In my previous post I discussed an instance where SCOM was failing to monitor the space of a SQL Server database. In this latest post I want to bring to light an issue that was altogether more serious.
I particularly wanted to write this post because, although there are a number of possible reasons for SCOM not discovering SQL Server instances, this specific reason is not particularly well documented (if at all) and I’m hoping that it will help others avoid the situation or, at least, be able to fix it if they encounter it.
The Problem
The problem became apparent when we noticed some backup failures had occurred on a specific SQL Server instance but we had received no corresponding SCOM alerts. Browsing through the list of SQL Servers in discovered inventory, it quickly became obvious that none of the SQL Server instances on this particular cluster were present (5 instances in all – a mixture of SQL Server 2005 and SQL Server 2008 R2 instances).
Initially, attention was focussed on the SQL discovery process, for both the 2008 and 2005 discoveries. Following Kevin Holman’s post on troubleshooting discovery scripts (here) the DiscoverSQL2005DBEngineDiscovery.vbs and 2008-equivalent scripts were manually executed on the cluster nodes that were hosting the SQL Server instances.
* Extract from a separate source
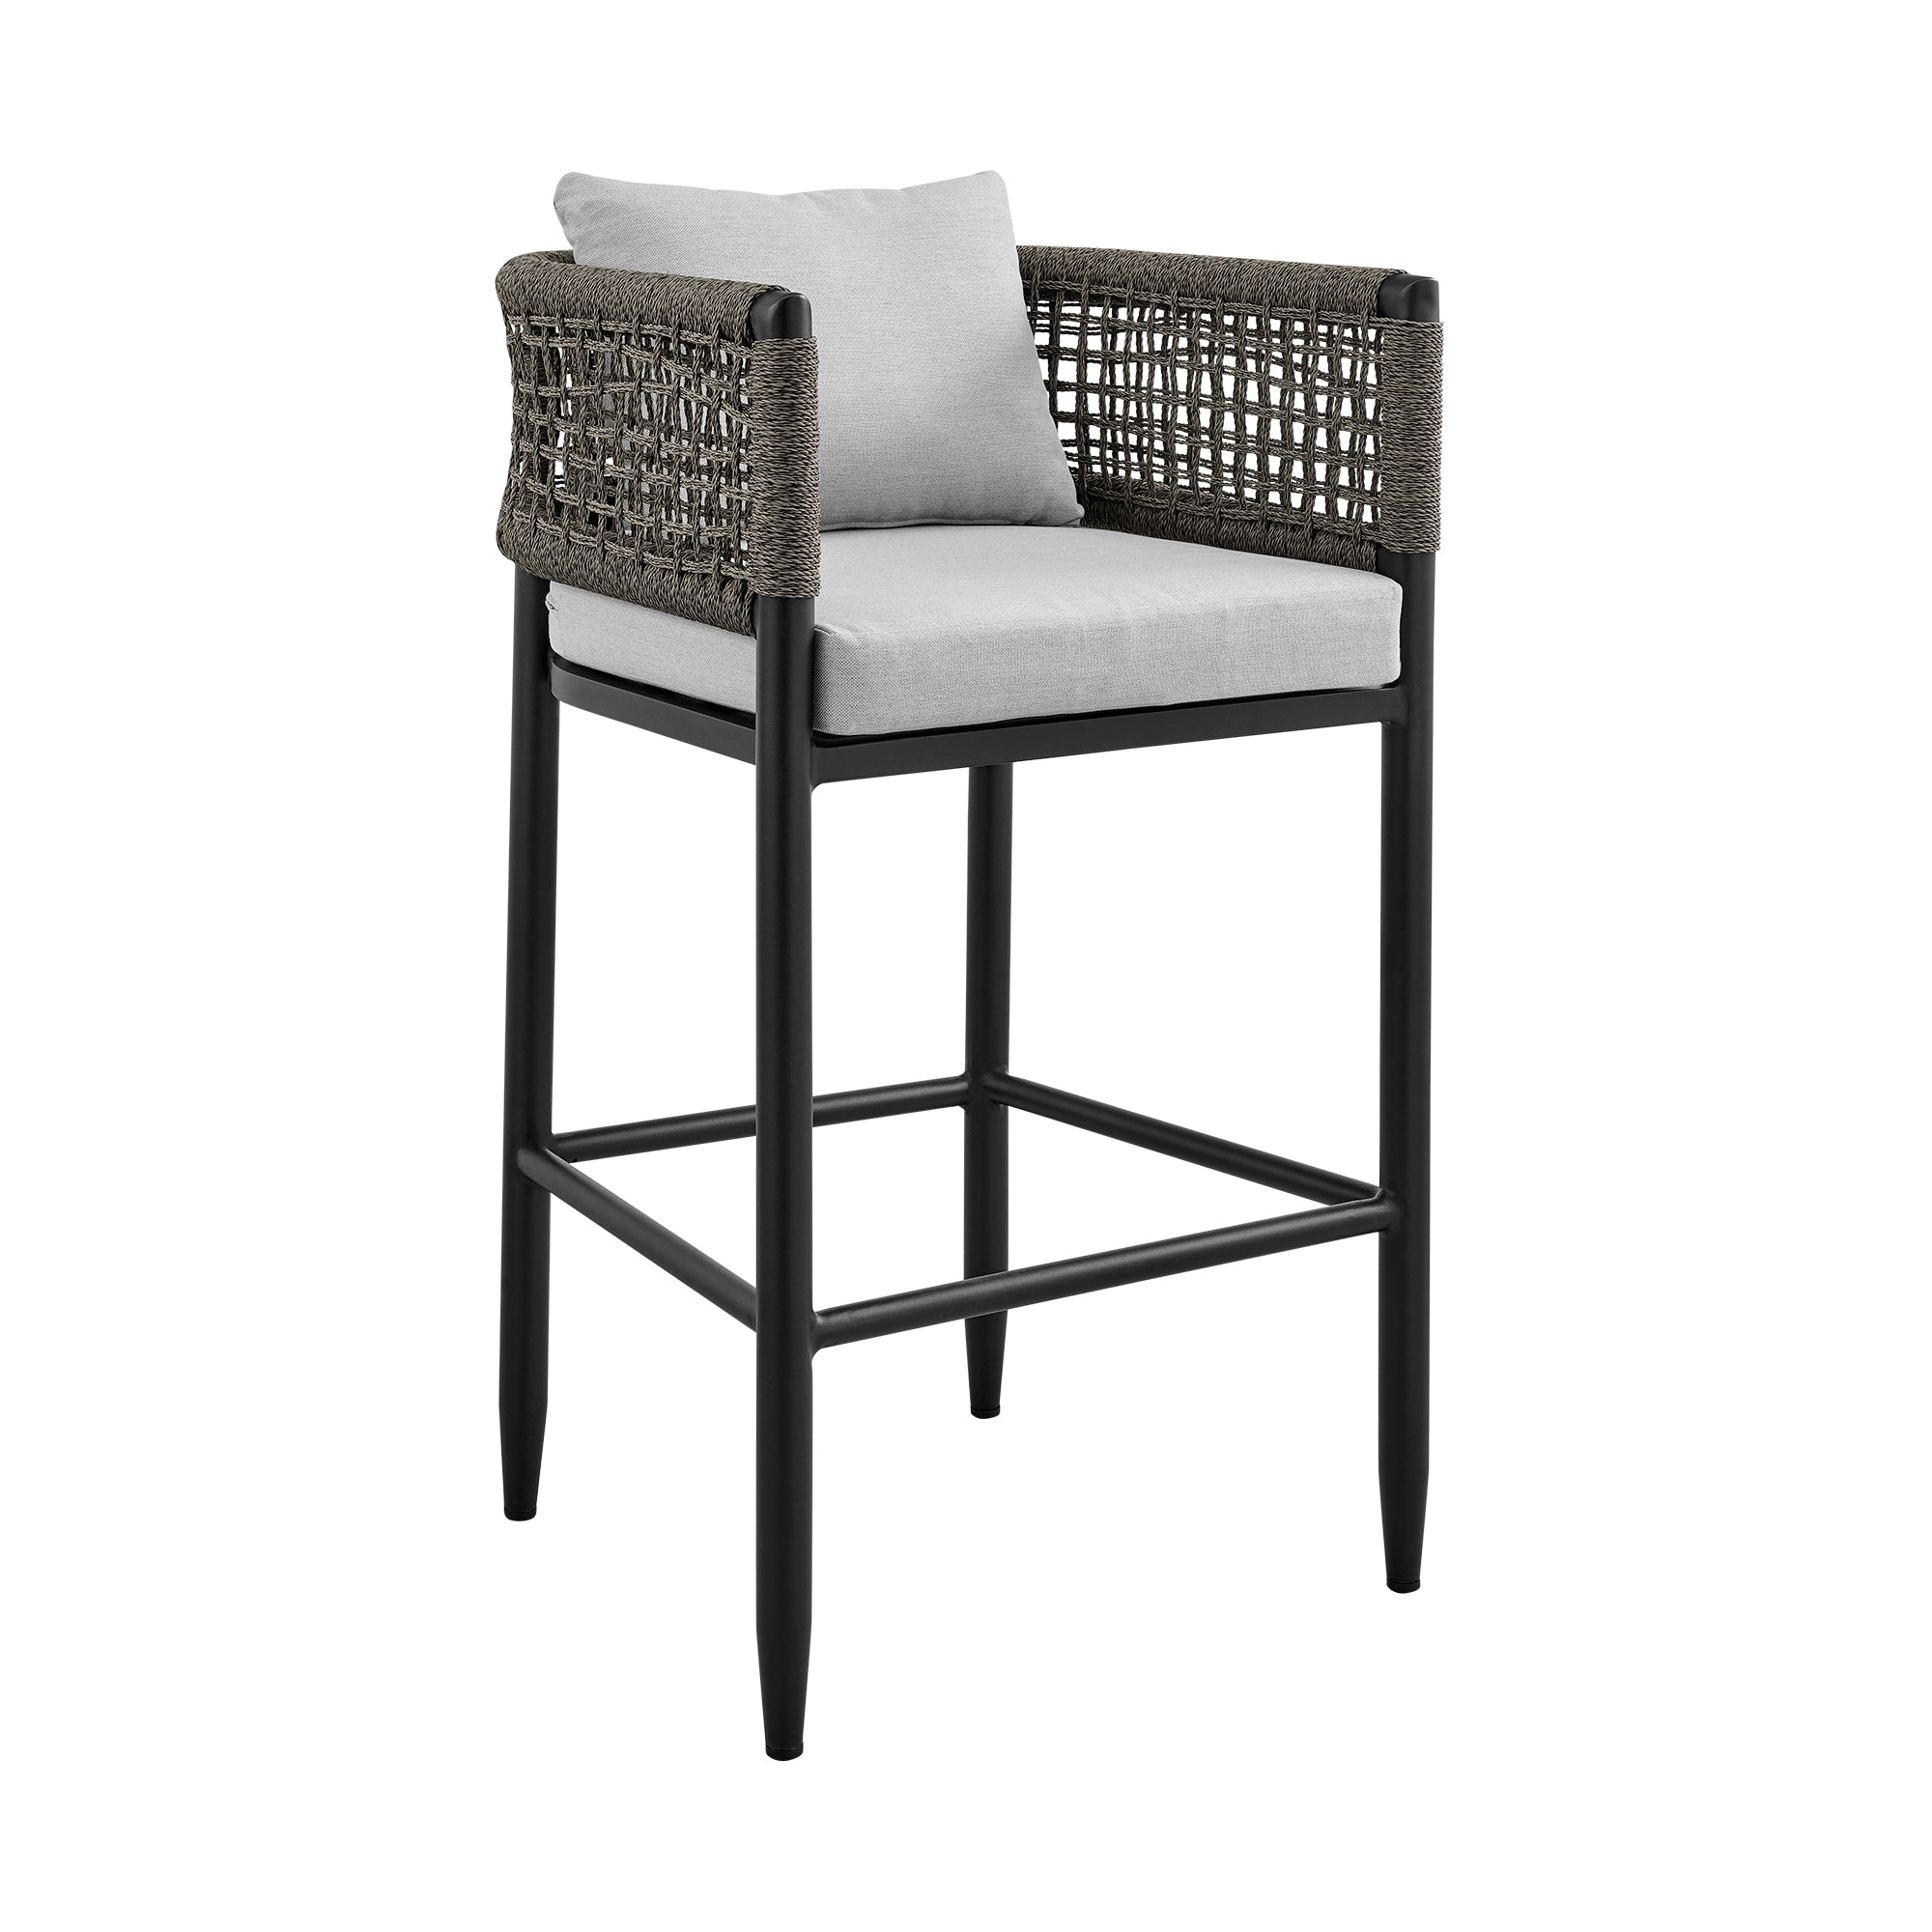 Armen Living - Felicia Outdoor Patio Counter or Bar Height Bar Stool in Aluminum with Grey Rope and Cushions - 840254333109

In both cases, the scripts succeeded.
However, what was spotted was a warning (EventID 10000) with the following description:
A scheduled discovery task was not started because the previous task for that discovery was still executing.
Discovery name: Microsoft.Windows.2008.Cluster.Monitoring.Discovery
Instance name: Cluster Service
Management group name: ########
This warning was appearing every 4 hours, which corresponded with the frequency that the cluster discovery runs at. It was also interesting because, by all accounts, the cluster was discovered. I could see the resources and their groups in discovered inventory and we did receive alerts if resources failed or went offline.
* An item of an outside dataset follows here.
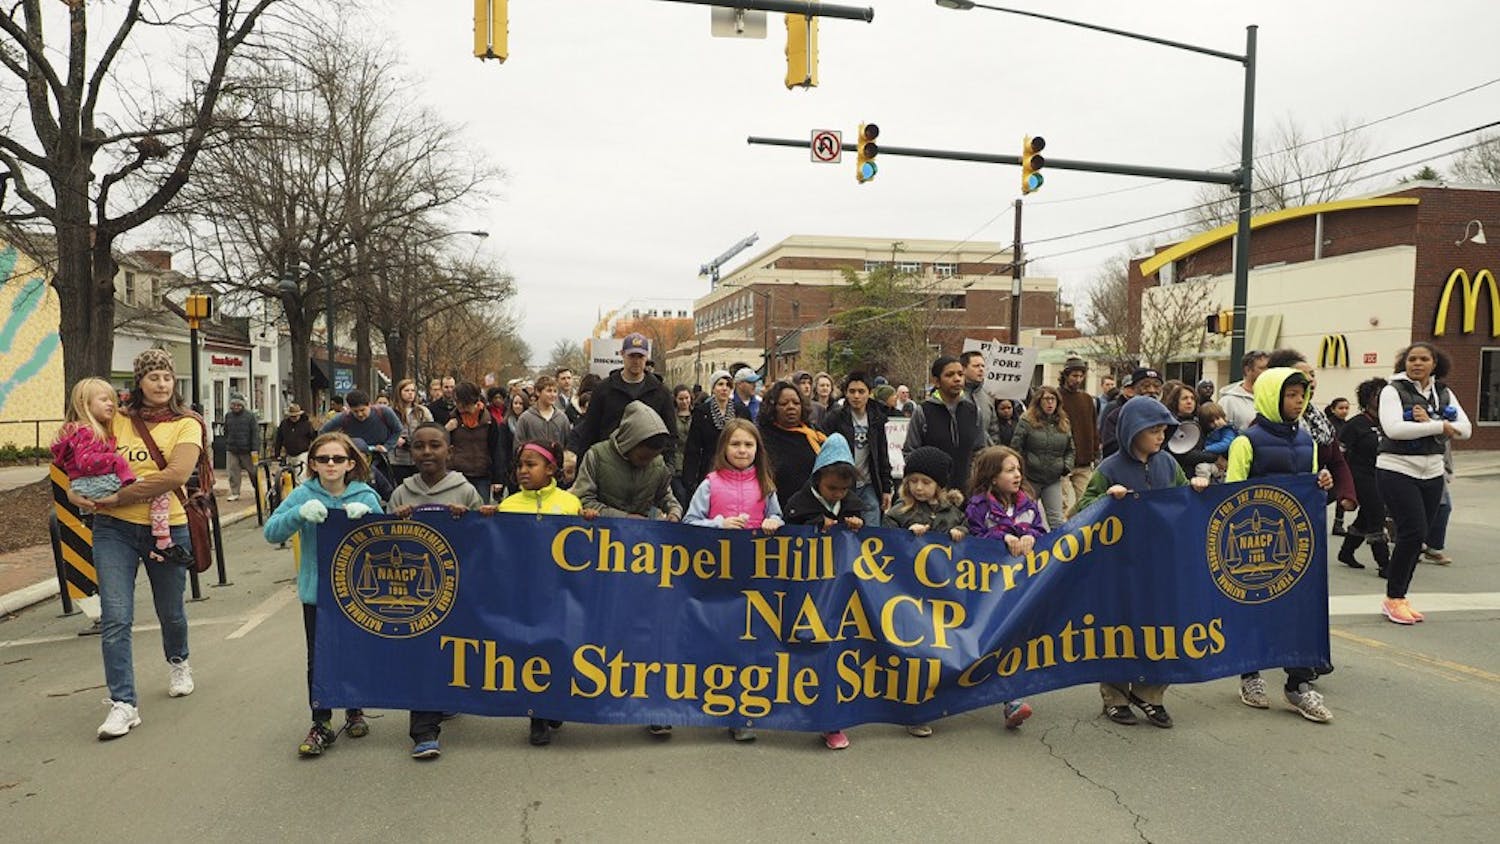 Local Chapel Hill/Carrboro youth lead the march from Peace and Justice Plaza to First Baptist Church during Monday's MLK Jr Day Celebration.

Unfortunately, I’d missed something. Whilst the cluster service had been discovered, as had the resources, none of the associated computer objects for the cluster had been discovered. Even the cluster name itself was missing from the BaseManagedEntity table in the OperationsManager database.
So clearly, whilst some parts of cluster discovery had completed, the process as a whole hadn’t.
The Cause
The following article describes a situation under which not all cluster resources might be discovered if the cluster has orphaned entries in the cluster hive registry key. Specifically, HKEY_LOCAL_MACHINE\Cluster\Resources.
Running Get-ClusterResource against the cluster returned some interesting results. Firstly, there were a number of resources (3 to be exact) that were being returned but were not showing up in Cluster Failover Manager. The other interesting thing was that these resources (2 SQL Server resources and one SQL Network Name) were appearing to belong to the “Available Storage” group.
The 3 resources used to belong to old SQL Server instances that had previously been uninstalled. For whatever reason, the resources hadn’t been completely cleaned up from the cluster and SCOM was trying to discover them (unsuccessfully).
Also of note is the fact that the cluster discovery wasn’t actually failing – or if it was, there were no reported errors. It’s almost as if the discovery was just stuck in a loop of trying to discover some non-existent resources, getting nowhere, but determined to keep on trying. A consequence of this was that the cluster (as a whole) never finished being discovered and the SQL Server instances, which were part of the cluster, were never discovered. I assume that the same potential problem could befall other products that belong to a cluster.
The fix, in the end, was simple. Using the PowerShell command Remove-ClusterResource for the “non-existent” resources worked first time, and within a short period of time the rest of the cluster, and the SQL Server instances were successfully discovered.
Although it’s likely to be quite a rare occurrence, hopefully this post might save someone time and effort should they encounter the same issue.